Parte 3
Do desenho

Pediste-me um desenho. Decidi-me pelas três caricaturas que te apresentei, cada uma do diâmtetro de um pequeno damasco. Não eram amargas nem doces, tão pouco satifatórias; até o damasco te teria servido melhor: poderias acariciar-lhe a pele, abocanhá-lo com vigor e saboreá-lo como se do acordar numa manhã soalheira se tratasse.
No entanto, admiro-te pela sofreguidão com que admiraste a composição disconexa que tracei no bloco que me confiaste. O teu elogio silencioso pesou-me no peito, acalmou-me e fez-me repensar um pouco aquilo que sou - aquilo em que me tornei.
Inacabado, como qualquer outro indivíduo que me rodeia, ainda busque diariamente novas formas de enaltecer a fraca personalidade que me consome.
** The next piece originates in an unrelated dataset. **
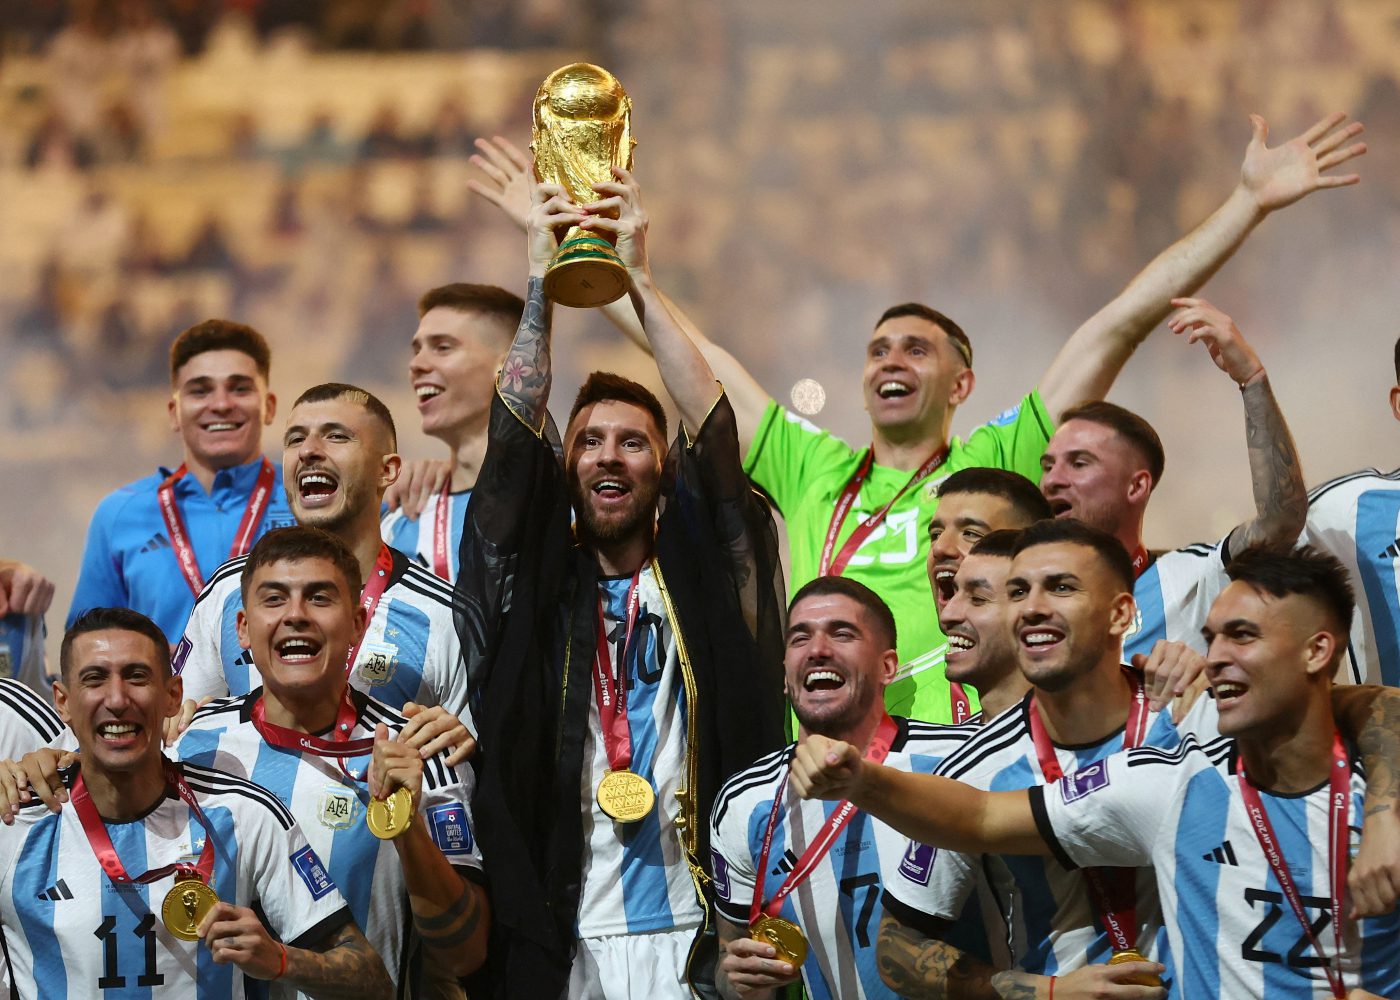 World champions Argentina reach the top of the FIFA rankings for the first time in 6 years
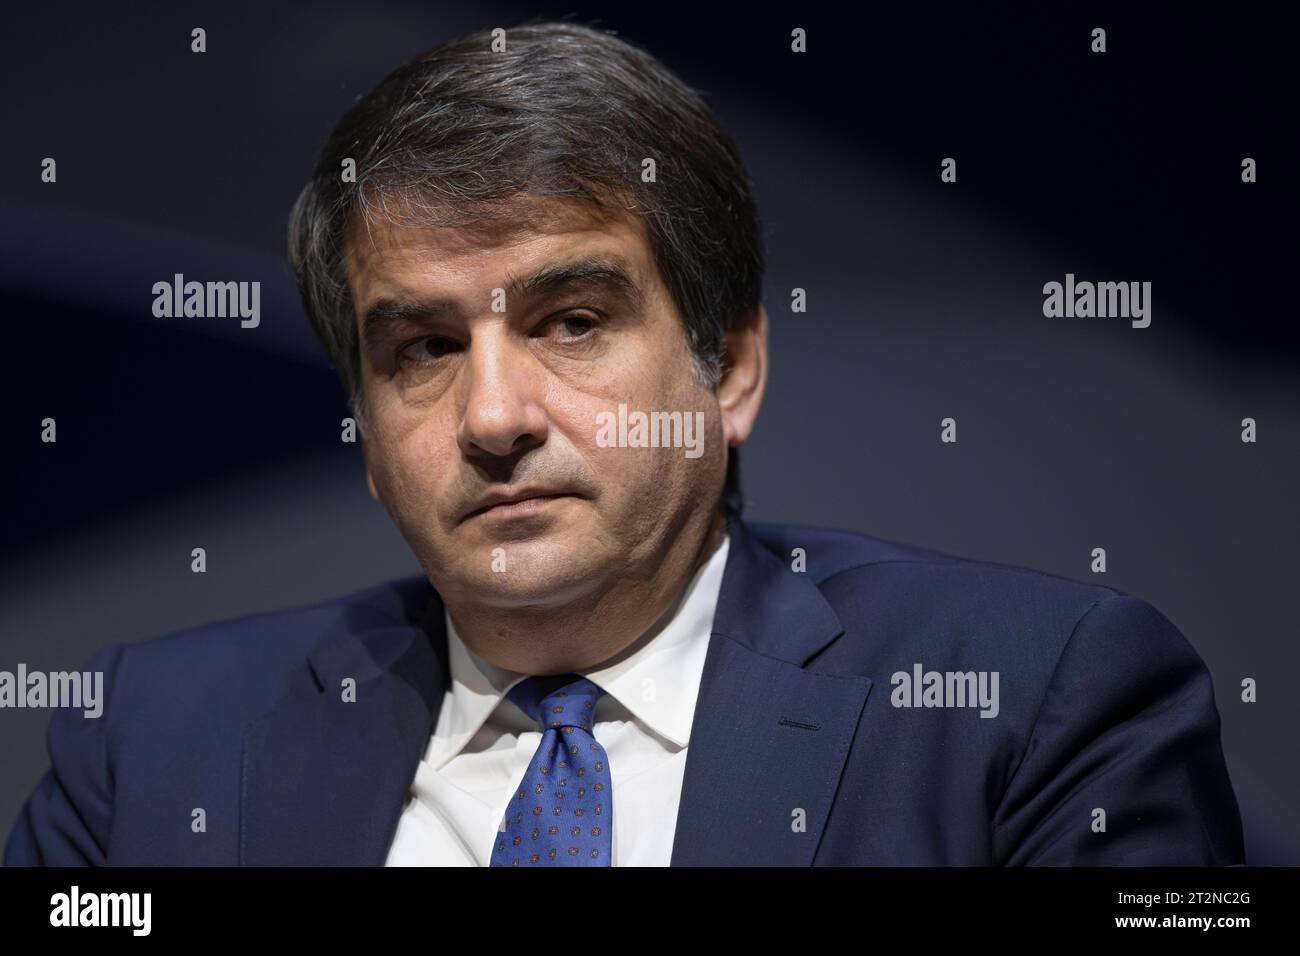 Congress of accountants Raffaele Fitto, Italian minister of European affairs, looks on during the national congress of accountants and accounting experts Lavoriamo insieme per il nostro futuro Let s work together for our future. Turin Italy Copyright: xNicolòxCampox Credit: Imago/Alamy Live News Stock Photo

Não a quero, rejeito-a.
Olho-me ao espelho e vejo um pouco de mim no canto do quarto - o meu reflexo, sem dúvida; grita e gesticula, procura não ser agarrado pela inércia e estatismo da cultura de massas da sociedade actual. Afasta-se cada vez mais e deixa bem claro que nada poderei fazer para o recuperar. Abandono o meu próprio reflexo e repenso-me enquanto sombra: um ente negro, obscuro, desinteressante, e recupero a necessidade de aprender, porque sou trabalho inacabado, sou todos excepto aquele que idealizei ser.
Foco o espelho, de novo, redobrando a atenção. Fixo-me num ponto mais próximo: o castanho dos meus olhos, que se aproxima do negro enquanto a luz espelhada se revela num novo mundo que tenciono explorar.